The Modern Event Platform Program is about unifying the our analytics and production event systems into a generic event stream intake, validation, processing and consuming system.

Metrics Platform

Metrics Platform is a suite of services, standard libraries, and APIs for producing and consuming instrumentation data of all kinds from Wikimedia Foundation products. It mainly consists of standard product metrics schemas and client library implementations. It is built on top of Event Platform components.

EventBus

Like EventLogging, 'EventBus' refers to a few different pieces of infrastructure. More detail can be found on the EventBus documentation page.

EventBus Mediawiki extension

This is the Mediawiki extension responsible for sending events from WMF Mediawiki installations to backend event intake service (EventGate).

eventlogging-service-eventbus

This is a particular deployment of eventlogging-service that is used to accept internally produced events over HTTP. It is configured to use JSONSchemas from the mediawiki/event-schemas repository to validate incoming events.

Event Schema Repositories and HTTP Service

Our event schemas are available via an HTTP API at https://schema.wikimedia.org/. This site simply hosts up to date schemas stored in git repositories.

WMF has 2 event schema git repositories. schemas/event/primary is for production/tier 1 events. Schemas here are more tightly controlled (and bikeshed). schemas/event/secondary is for non critical and analytics focused events.

Previously, schemas also lived in the mediawiki/event-schemas repository, but this has been deprecated in favor of schemas/event/primary.

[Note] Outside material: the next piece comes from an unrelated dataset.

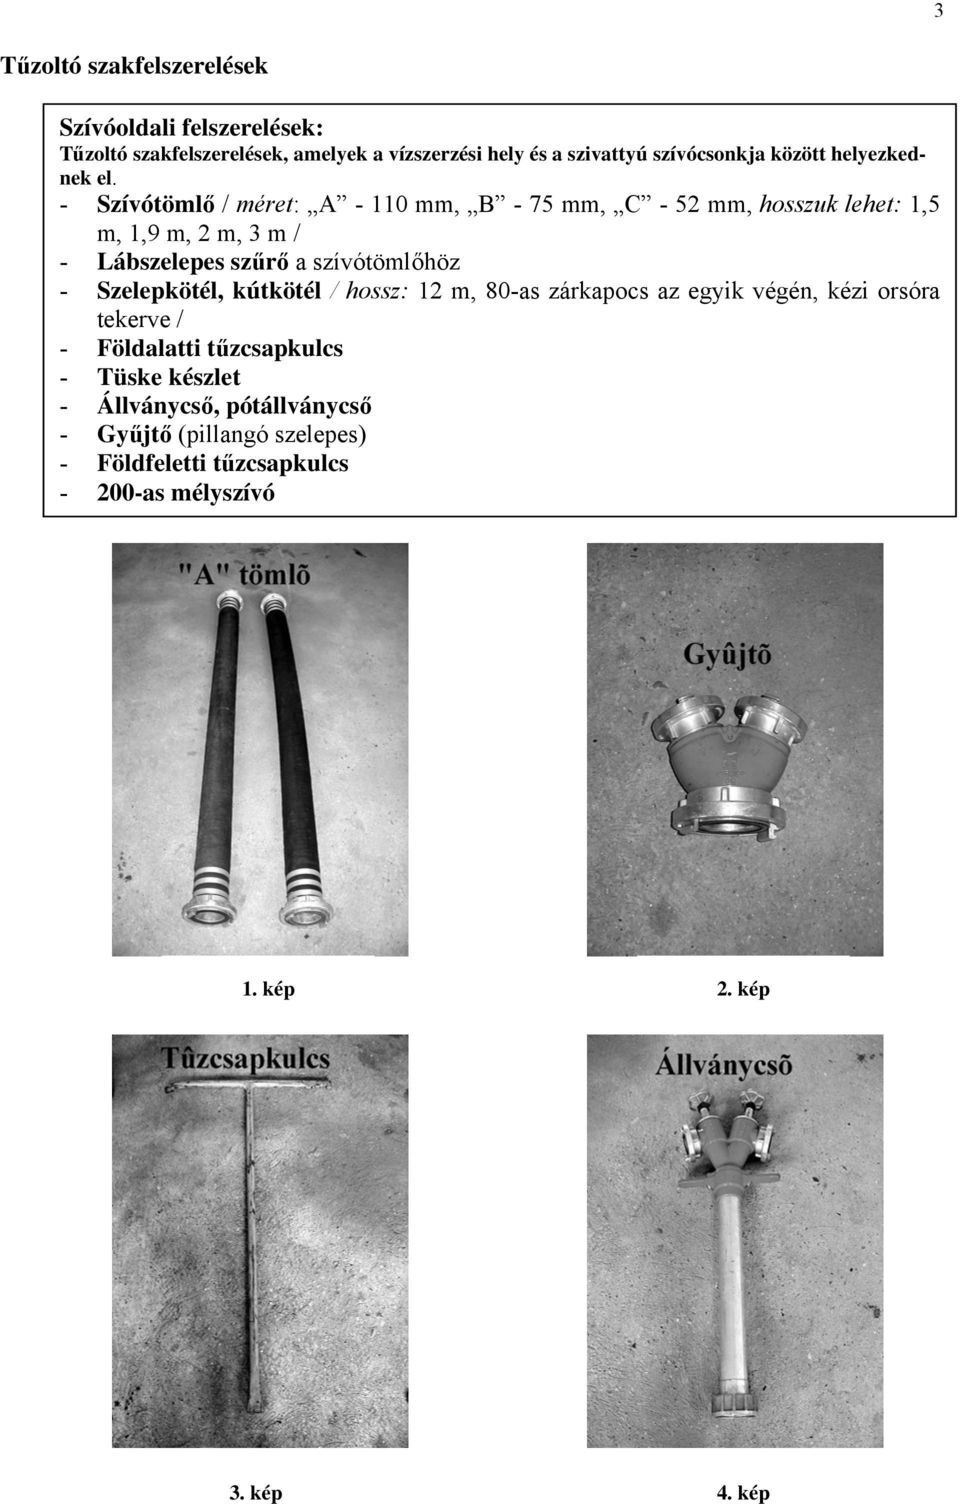 - Szívótömlő / méret: A - 110 mm, B - 75 mm, C - 52 mm, hosszuk lehet: 1,5 m, 1,9 m, 2 m, 3 m / - Lábszelepes szűrő a szívótömlőhöz -

You can learn more about WMF's Event Schemas at Event_Platform/Schemas.

EventGate (repository)

EventGate is the event service replacement for eventlogging-service-eventbus, a component of the Modern Event Platform program. This service has the same API as eventlogging-service-eventbus, with a few updated expectations for the event schemas it can process. Over 2019-2020, we will be replacing all eventlogging intake services with EventGate deployments.

EventStreamConfig

While planning the Modern Event Platform program, product managers and engineers expressed a desire to be able to more dynamically configure the behavior of clients producing (and potentially consuming) event streams. EventGate also needs some dynamic configuration in order to enforce that specific event streams only include events of the same JSONSchema lineage. The EventBus extension (as well as other event producing clients) need a way to configure the destination event service (EventGate) instance where they should produce an event.

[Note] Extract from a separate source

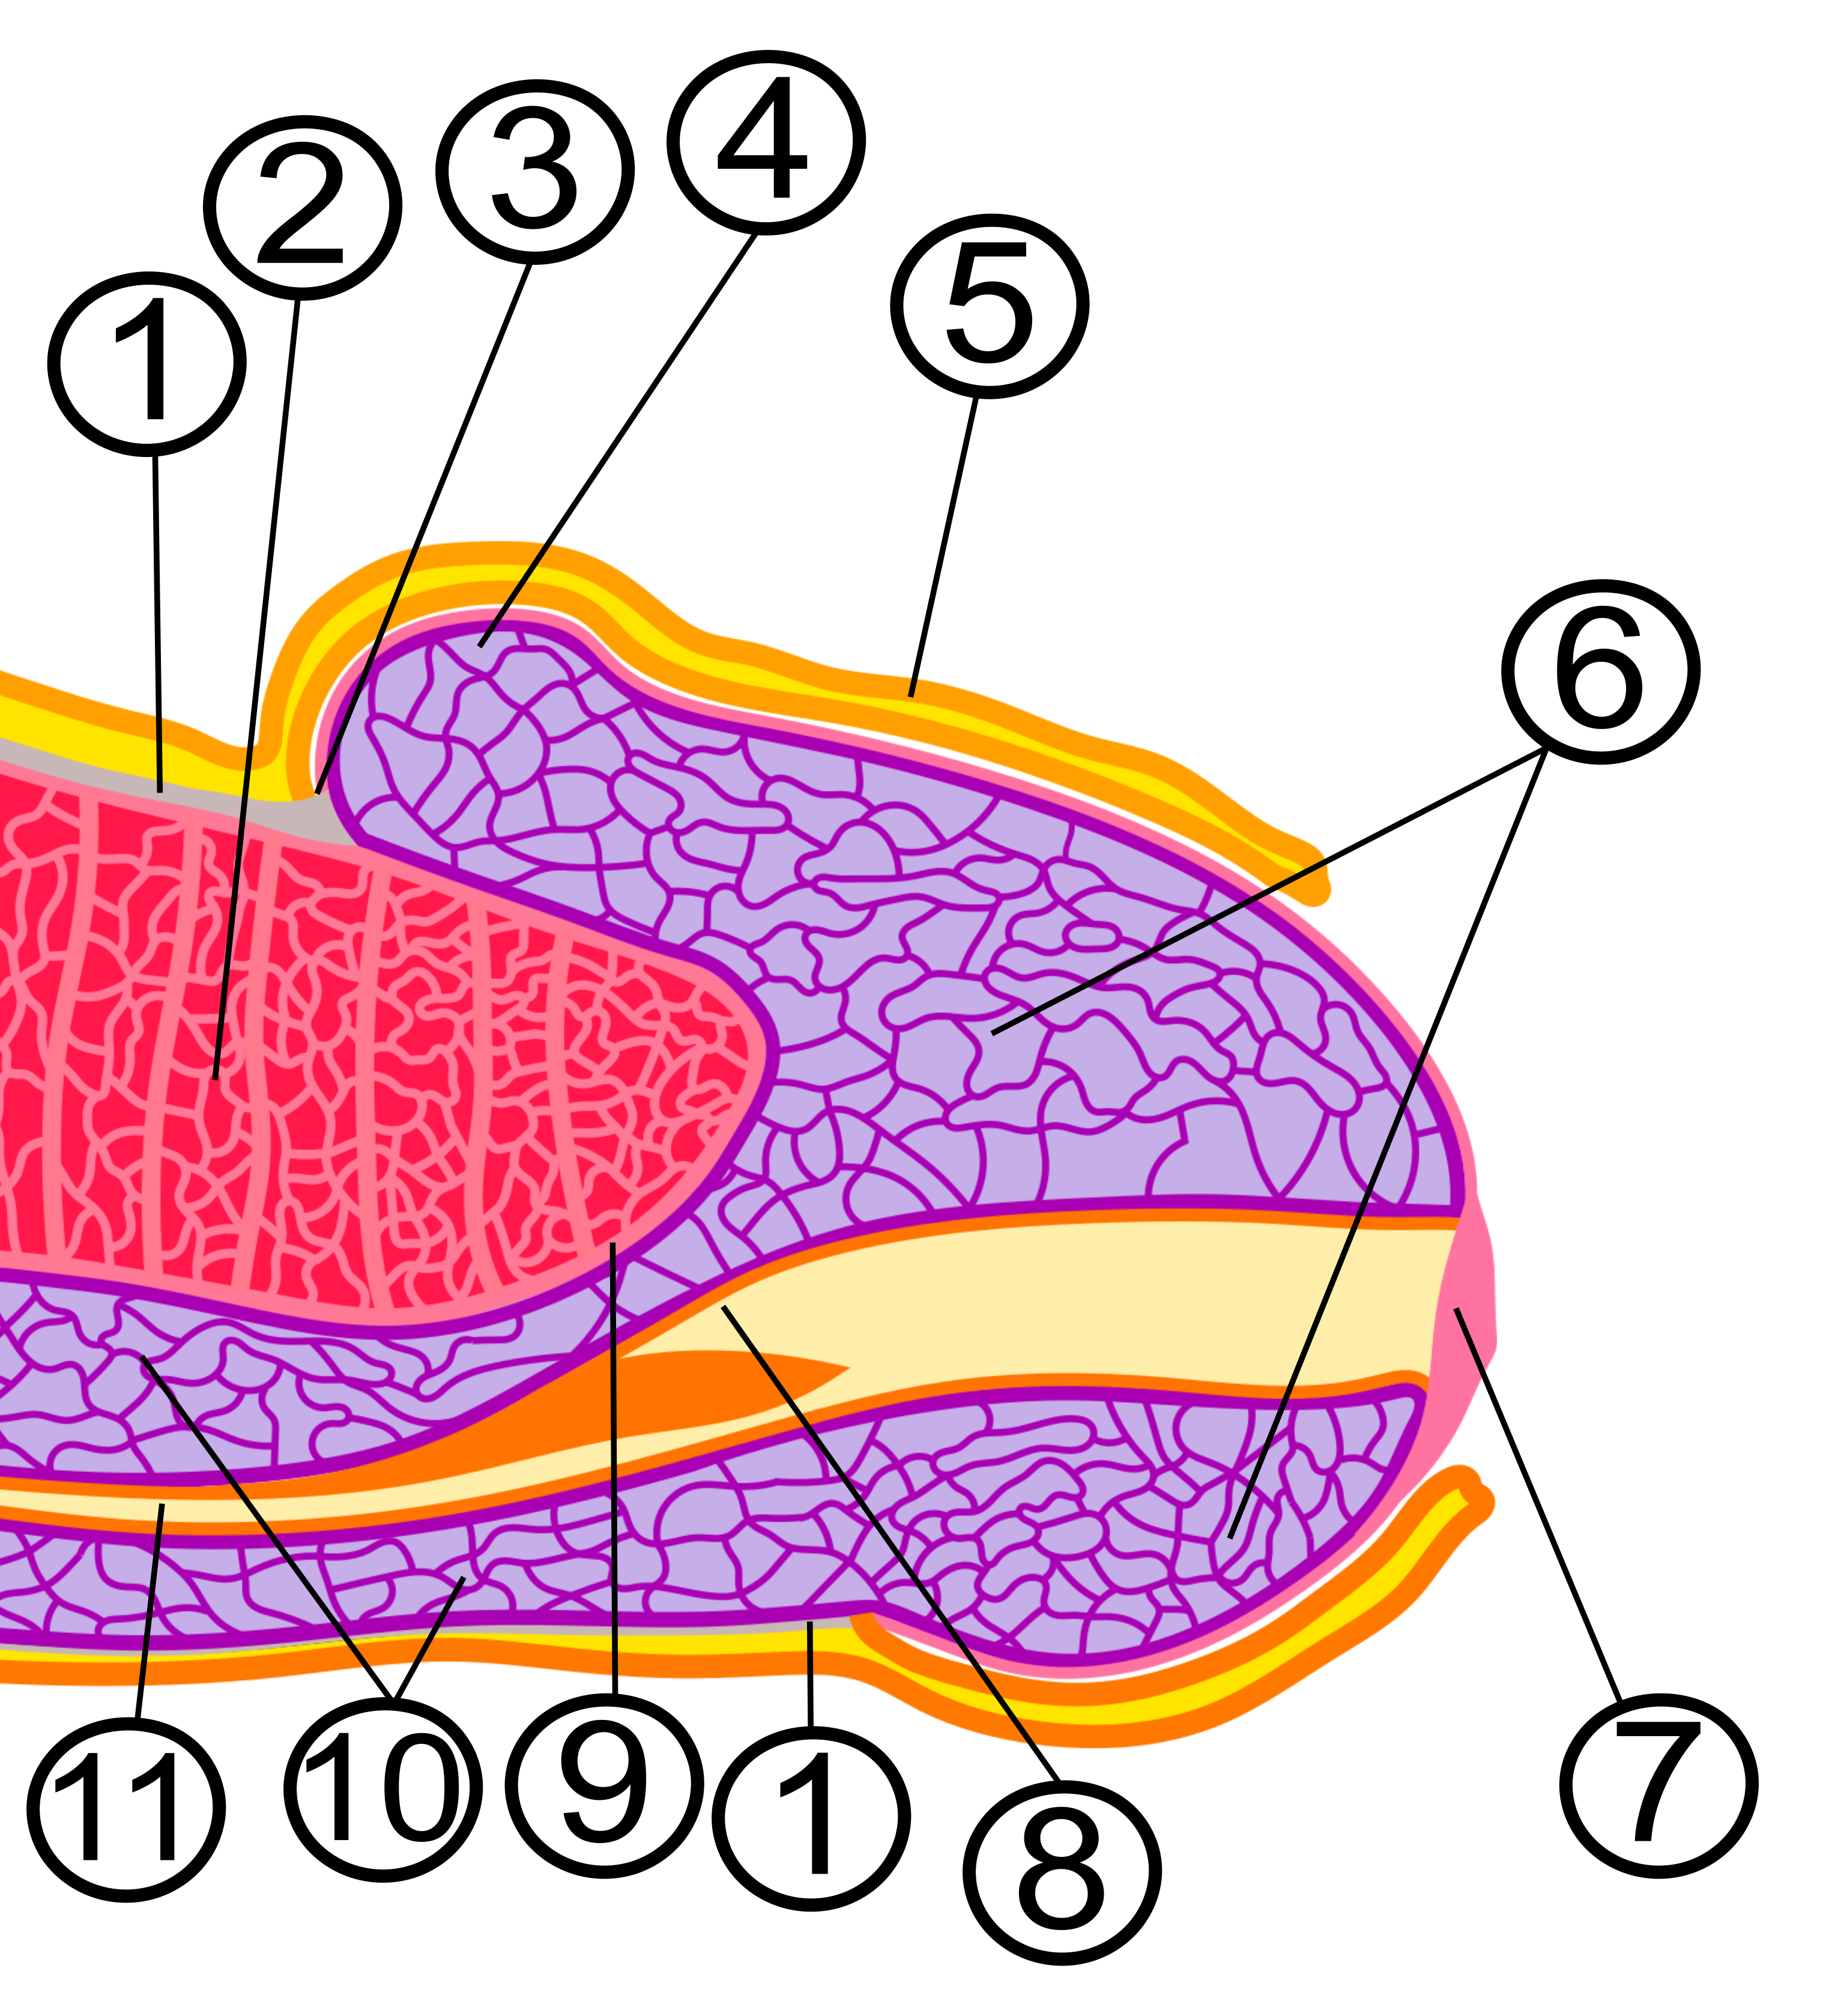 structura descrierii penisului

The EventStreamConfig MediaWiki extension was built to support these use cases. It uses MediaWiki's configuration to centralize the event stream configuration for all of these clients. It exposes both a PHP MediaWiki interface as well as a HTTP API to look up configs for event streams by name. The EventLogging extension uses the PHP API to load stream configuration to browser clients via ResourceLoader.

EventStreams (repository)

EventStreams is a public facing service. It exposes streams of events via HTTP SSE/EventSource. This service replaced the Mediawiki RecentChange specific service RCStream, and perhaps eventually will also deprecate irc.wikimedia.org.


EventLogging

EventLogging is the original event framework used by WMF. It consists of 3 main parts.

EventLogging Service

The EventLogging python codebase consists of various services that can be mixed and matched to consume, validate, transform, and produce streams of JSON events between different endpoints. EventLogging was originally created for Mediawiki analytics purposes, but was also used to support production streams of events via an HTTP eventlogging-service used for the EventBus service.

This service is being deprecated in favor of EventGate.

EventLogging Schemas

For the original analytics EventLogging use case, all schemas are maintained and stored on meta wiki. The default EventLogging validation logic looks for matching schemas in this online http/wiki repository.

EventLogging Extension

The EventLogging Mediawiki extension is used by Mediawiki to send JSON data to EventLogging by sending a GET request with query parameter encoded JSON data to a special Varnish endpoint. Requests to this Varnish endpoint are logged (via varnishkafka), and make their way into downstream EventLogging services.